The optical densities of bacterial cultures were measured at 600 nm with a Unicam Helios UV–Vis spectrophotometer (Biolab Scientific Ltd.) in 1 mL cuvettes (1 cm path length). The appropriate growth medium was used as a blank and to dilute the sample, as needed. Graphs were created and statistical analyses were performed using GraphPad Prism 8 (GraphPad Software, Inc.) or Microsoft® Excel® for Office 365. The bacterial enumeration data were presented as the mean value ± the standard deviation (SD), and statistical analyses were conducted when there were three or more biological replicates for each sample in the experiment. To determine if the means from two data sets were significantly different from each other, a two-sample, two-tail Student’s t-test (unequal variance) was conducted, and the difference was considered to be significant when the p-value was <0.05. For the graphs, statistical significance was denoted as follows: *p < 0.05, **p < 0.01, and ***p < 0.001. One-way analyses of variance (ANOVAs) were completed to determine if the differences between the means of two or more independent data sets were statistically significant, and Tukey’s post hoc test was used to identify which groups were statistically different.
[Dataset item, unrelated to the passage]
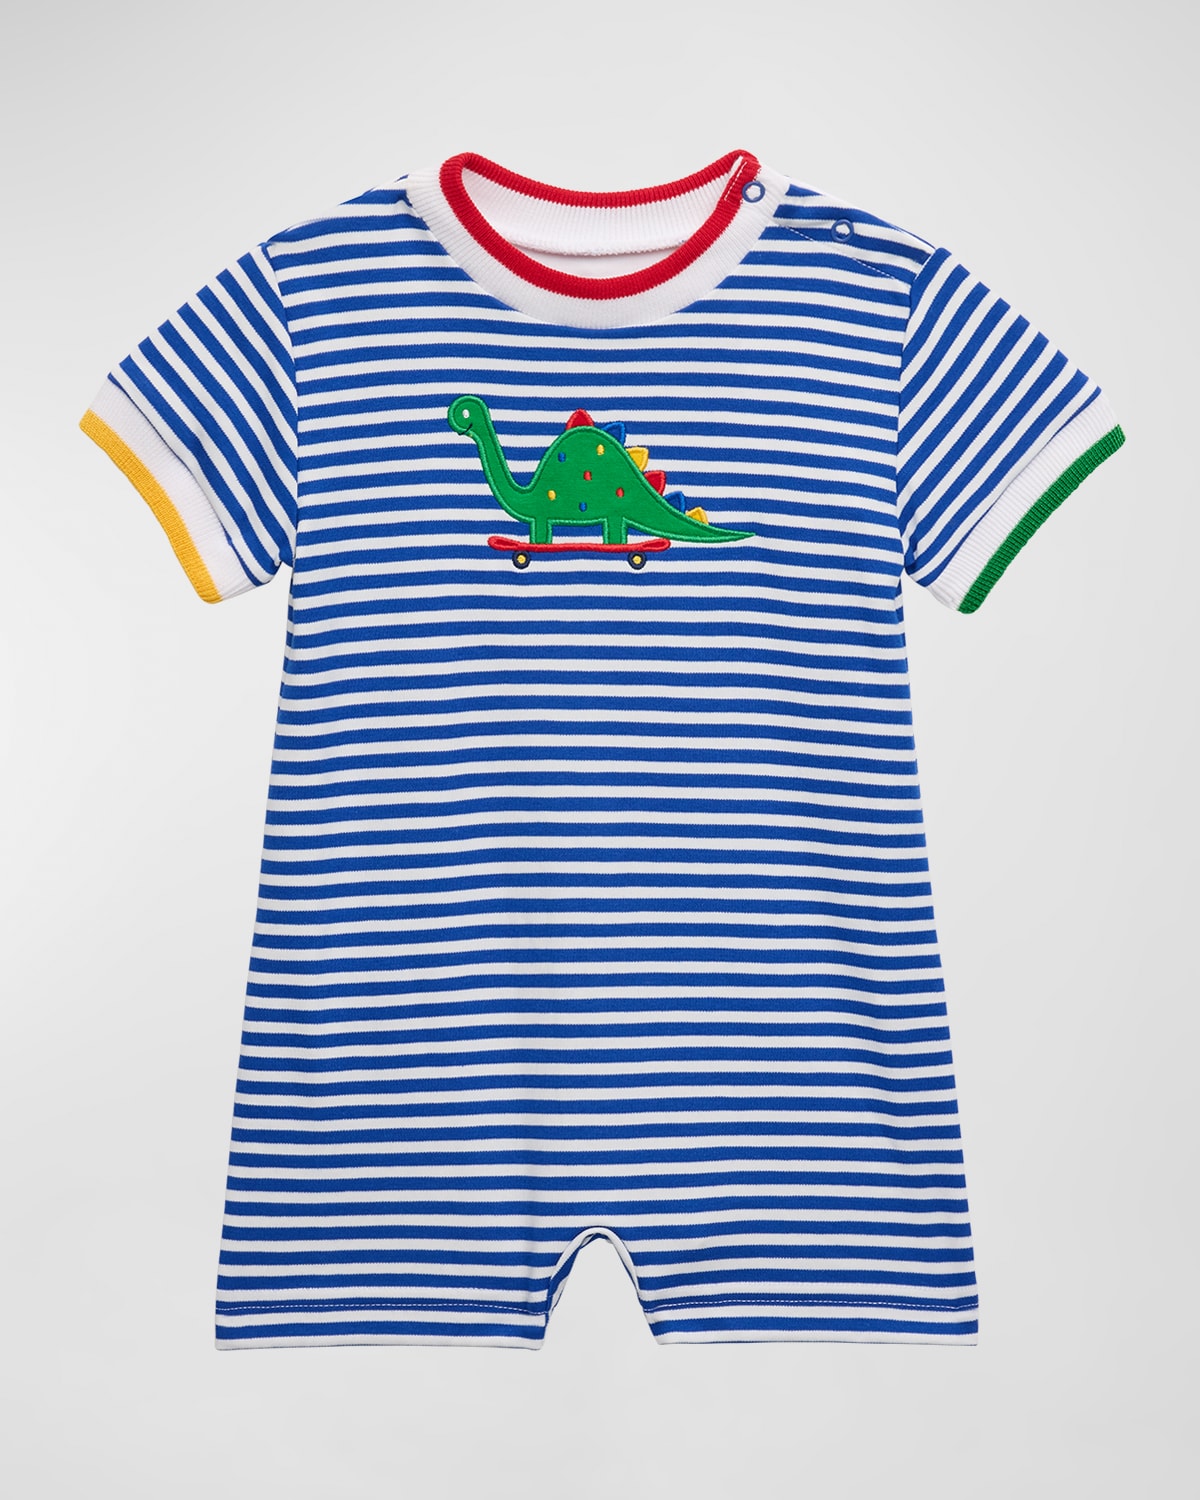 Boy's Dino Embroidered Stripe Knit Shortall, Size 3M-24M

Synthesis and testing of polyacylhydrazone and simple acylhydrazones
Synthesis
A water-soluble polyacylhydrazone (DiLevDEG/ADH) was synthesised from dilevulinoyl diethylene glycol (DiLevDEG) and adipic acid dihydrazide (ADH) as described previously [12]. Simple acyldihydrazone test compounds were synthesised following the procedure of Zha and You [13] as described previously [12].
Copper chelation
The polyacylhydrazone copper complex (Cu(II)-DiLevDEG/ADH) was prepared by adding an aliquot of DiLevDEG/ADH solution (∼50 % w/v; 56 µL) to Cu(NO3)2·3H2O (32 mg, 0.13 mmol) dissolved in water (1 mL). The UV–Vis spectra of DiLevDEG/ADH, the Cu(II)-DiLevDEG/ADH complex, and Cu(NO3)2 (50 mM, aq) were recorded as dilute solutions.
Paint/coating formulation
A 50 % w/v aqueous solution of DiLevDEG/ADH was formulated in a commercial acrylic paint preparation as described in Daines et al. [12]: 35 % w/w of the resin was substituted by DiLevDEG/ADH to give DAp/acr. For comparison, standard acrylic paint was prepared using a conventional recipe [12]. Following formulation and drying on a surface the paints were exposed to Cu(II) and tested for their Cu(II)-retention as well as impact on bacterial growth.
Antibacterial testing
The effects of the DAp/acr and acrylic paints (±Cu(II)) on the growth of E. coli NZRM 3647 were determined. To wells in a 24-well plate (JET BIOFIL®), 250 µL of DAp/acr paint, acrylic paint, or a commercial marine paint (Altex Yacht and Boat Paint, Ablative Antifouling No. 5; 40–50 % w/w Cu2O) was added, and the plate was agitated while drying, to coat the well bottoms evenly. The paints were cured at 25 °C while shaking gently for 72 h to dry, then washed with water (3 × 500 µL) and air-dried. An aqueous solution of Cu(NO3)2 (50 mM; 500 µL/well) was added to a row of wells coated with the acrylic paint (“Acrylic + Cu(II)”) and a row of wells coated with the DAp/acr paint (“DAp/acr + Cu(II)”). Water (500 µL/well) was added to a row of uncoated wells and to rows of wells coated with the DAp/acr, acrylic and marine paints. After 24 h, all wells were washed with water (3 × 500 µL), air-dried, and sterilised with UV light for 20 min. The approximate surface area of the paint in each well was measured. An culture of E. coli NZRM 3647 was prepared overnight by inoculating nutrient broth (3 mL) with a colony from a nutrient agar plate and incubating for 16 h at 37 °C with shaking. This culture was diluted 1:1 v/v with nutrient broth, and an aliquot of the diluted culture (500 µL; 1.3 × 108 CFU/mL) was added to each well. The plate was incubated at 37 °C, and the OD600 of the culture in each well was measured at t = 0, 2, 4, 6, 8, 10, and 24 h to generate growth curves. The experiment was repeated independently three times.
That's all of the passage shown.